When I say “romantic,” I’m not just talking about French men (that’s a story for another day). I mean the day-to-day: if I jotted down every detail of my life here, would it read as elegant, calm, slow, sweet?
Yes, I sip espresso (less bitter than in the U.S.), take long walks, paint, and see friends. Life looks slower on the surface—but underneath, I’m still navigating a new language, decoding grocery aisles, and figuring out how to run a business in a foreign country. Simple tasks suddenly feel complicated, and what was easy back home can feel impossible here.
The truth? Life in the U.S. had its own hurdles—just different ones. France doesn’t magically make everything elegant or easier; it just dresses up the same challenges in lavender fields and sunshine.
Looked at on paper, my day isn’t all that different from back home: espresso and bread in the morning, painting or laptop work, walks, yoga, meals with friends. The difference is less about the schedule and more about how it feels—a little slower, a little more deliberate, a little more… mine.
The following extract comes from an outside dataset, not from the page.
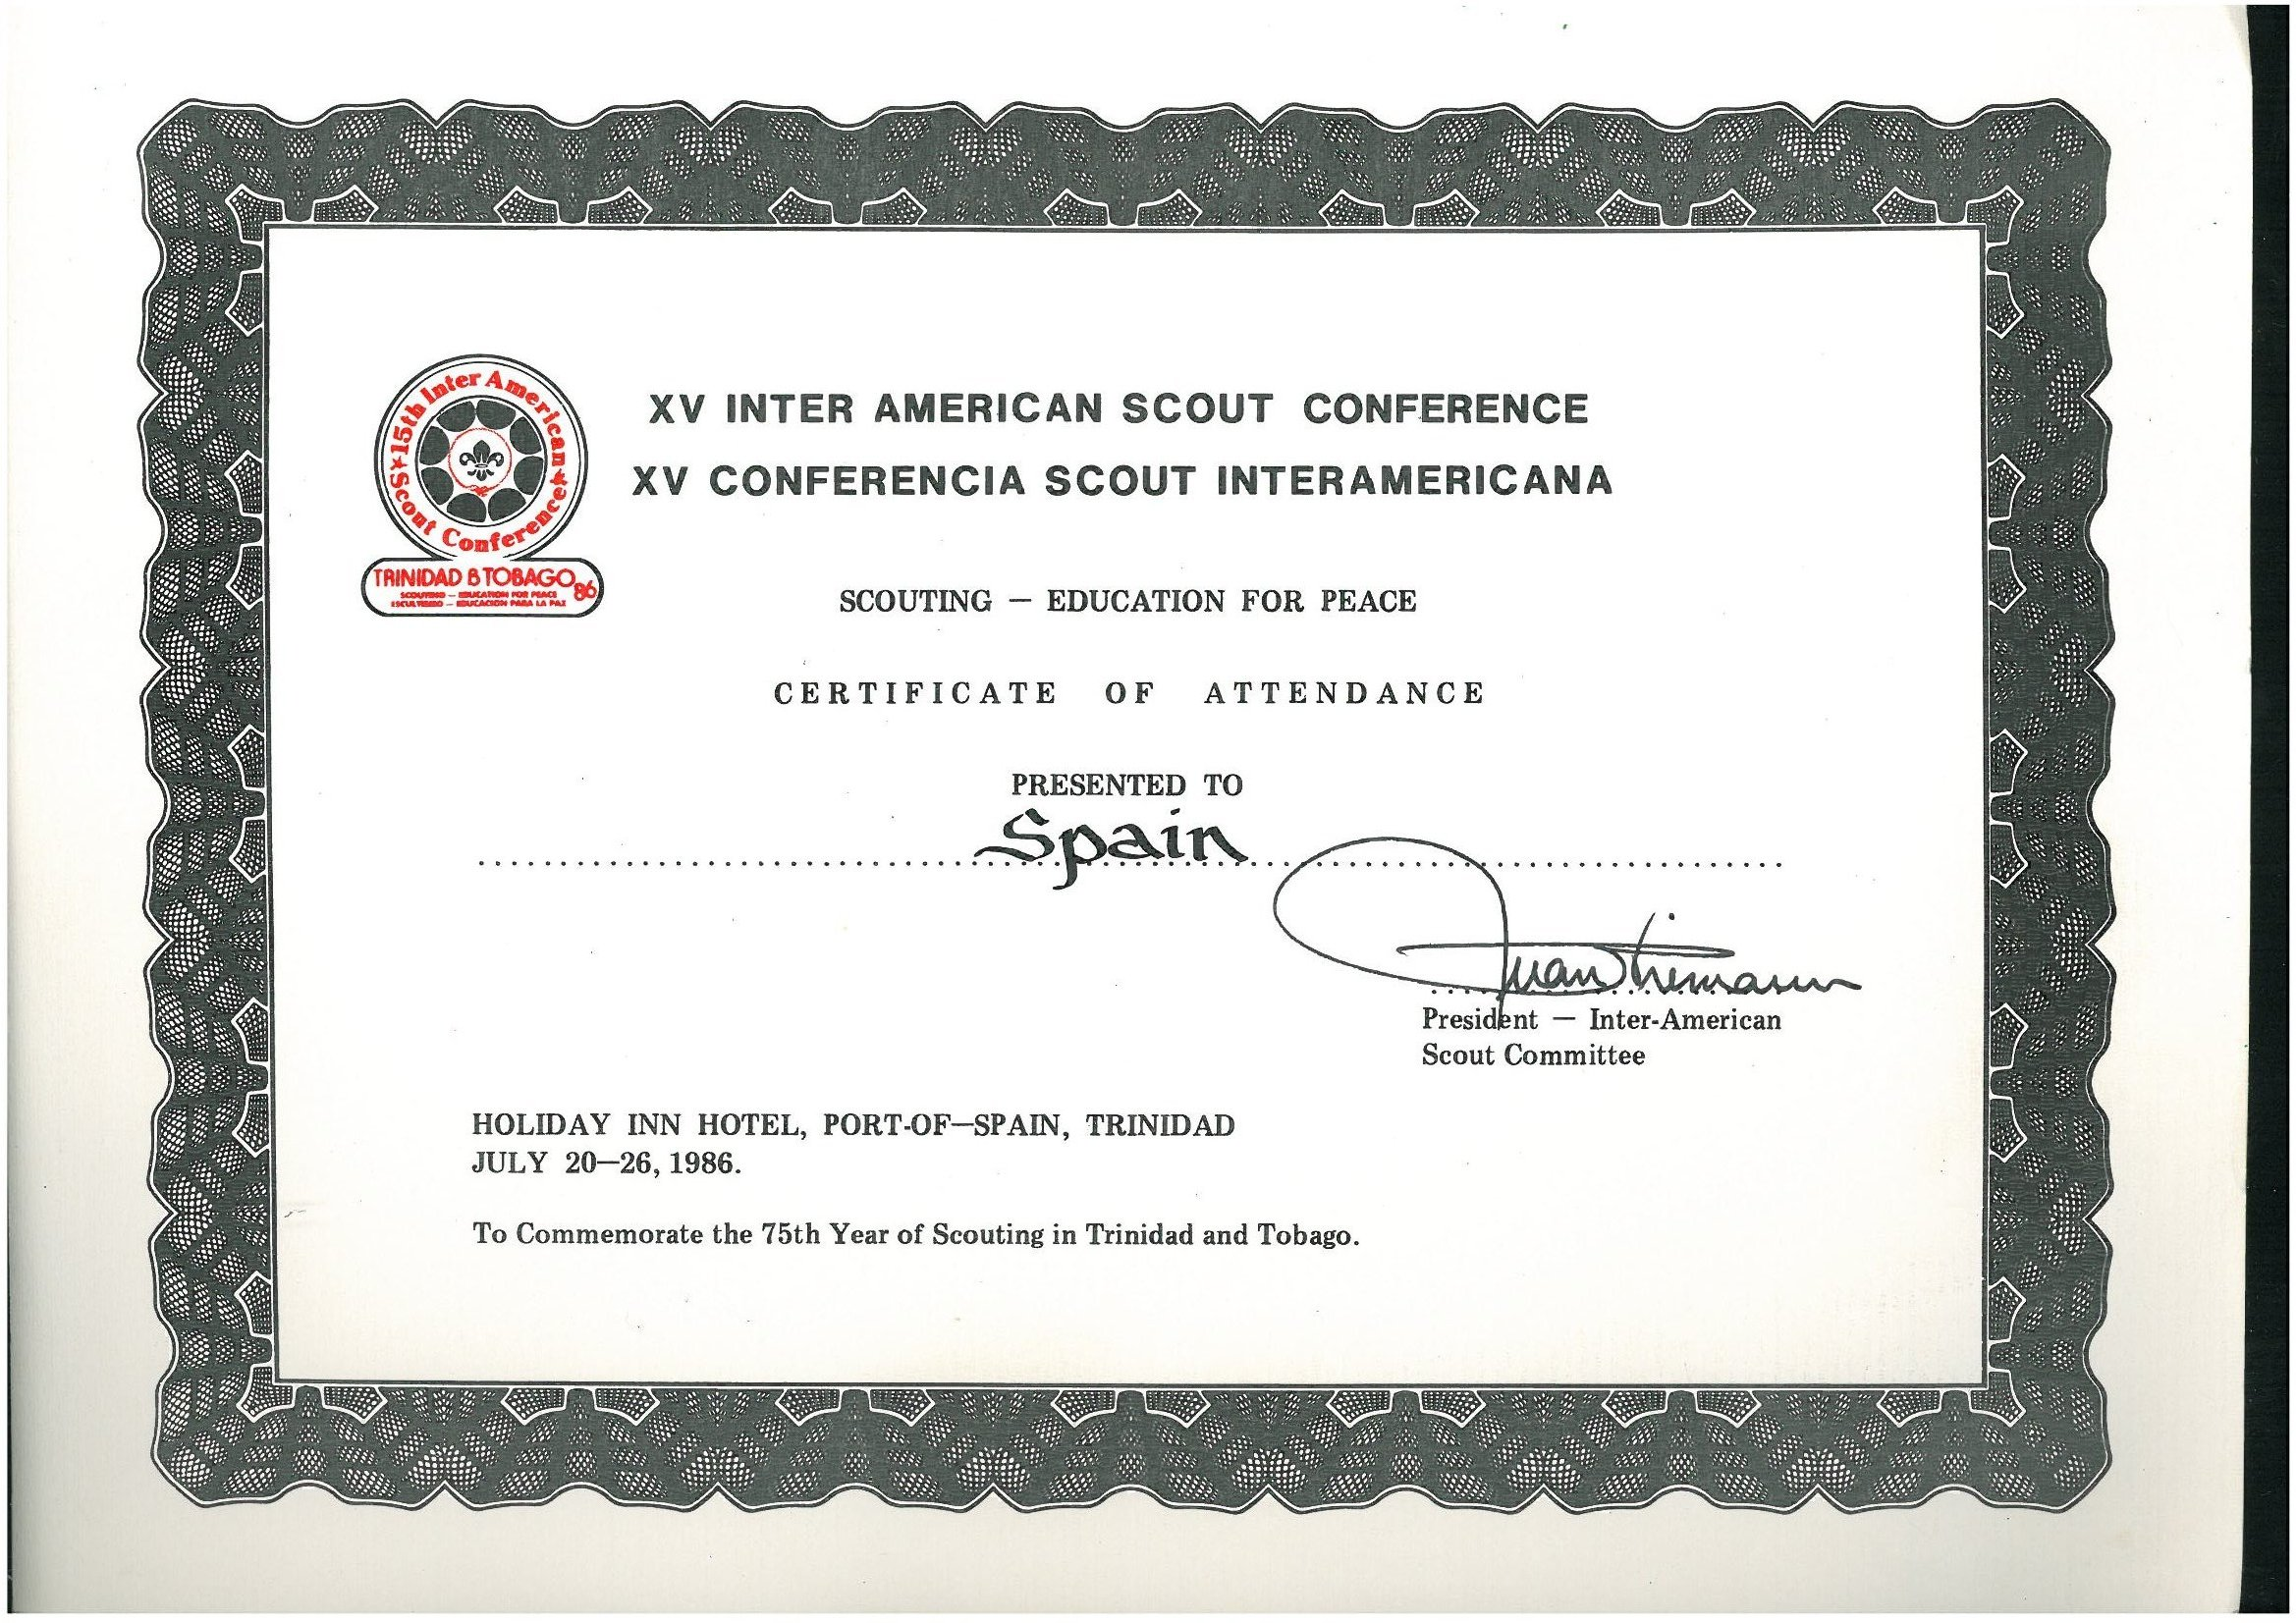 XV Conferencia Scout Interamericana

Weekends make the contrast more obvious. Here, I go to markets, take long walks in villages, visit restaurants and bars, hike or run, and drive around for the views. Back home, weekends were packed with sports on TV, social events, loud bars, and so fast that Monday arrived before I even realized it. Yes, life here has a slower rhythm—but only when you notice it, and only from the outside. Locals don’t see it as extraordinary; it’s normal to them.
And that’s when it hits me: it’s all relative. France feels like a dream because people in the U.S. imagine it. Just as people in France might dream about the U.S. The romance isn’t in the location—it’s in the longing.
People romanticize my life here because they’re imagining themselves in my shoes. They’re dreaming of a life far from their own. It’s not that my life is happier, or that they’re unhappy—it’s different. It seems like opportunity. And who doesn’t love the idea of opportunity?
I think the goal in life shouldn’t be about romanticizing a life based on location. France isn’t magical because it’s France. Paris isn’t romantic because of the Eiffel Tower. Provence isn’t dreamy because of the lavender fields. The romance isn’t in the place—it’s in how you live your life, wherever you are.
You can make any life feel more “romantic” if you intentionally choose the small things that bring you joy. It could be as simple as taking a morning walk before work, sitting down for a proper two-hour dinner with friends instead of a quick meal at Chipotle, or lighting candles while you paint in your studio. Little rituals, small pauses, playful attention to your day—they add up. They change the texture of life.
These aren’t grand gestures. They aren’t about Instagram aesthetics or living up to someone else’s fantasy. They’re about fulfilling your wants and needs, the things that make you feel fully alive in the moment. And that, to me, is what makes life romantic. Not the backdrop, not the location—it’s how you show up and choose to live.
So maybe people romanticize my life in France because it’s unfamiliar, because it’s different, because it’s seen through the lens of longing. But really, the romance is there in my daily routines, in the pauses I take, the meals I savor, the walks I take, the paint on my hands at sunset. I get to create a life I enjoy, one deliberate choice at a time. And if that’s not romantic, I don’t know what is.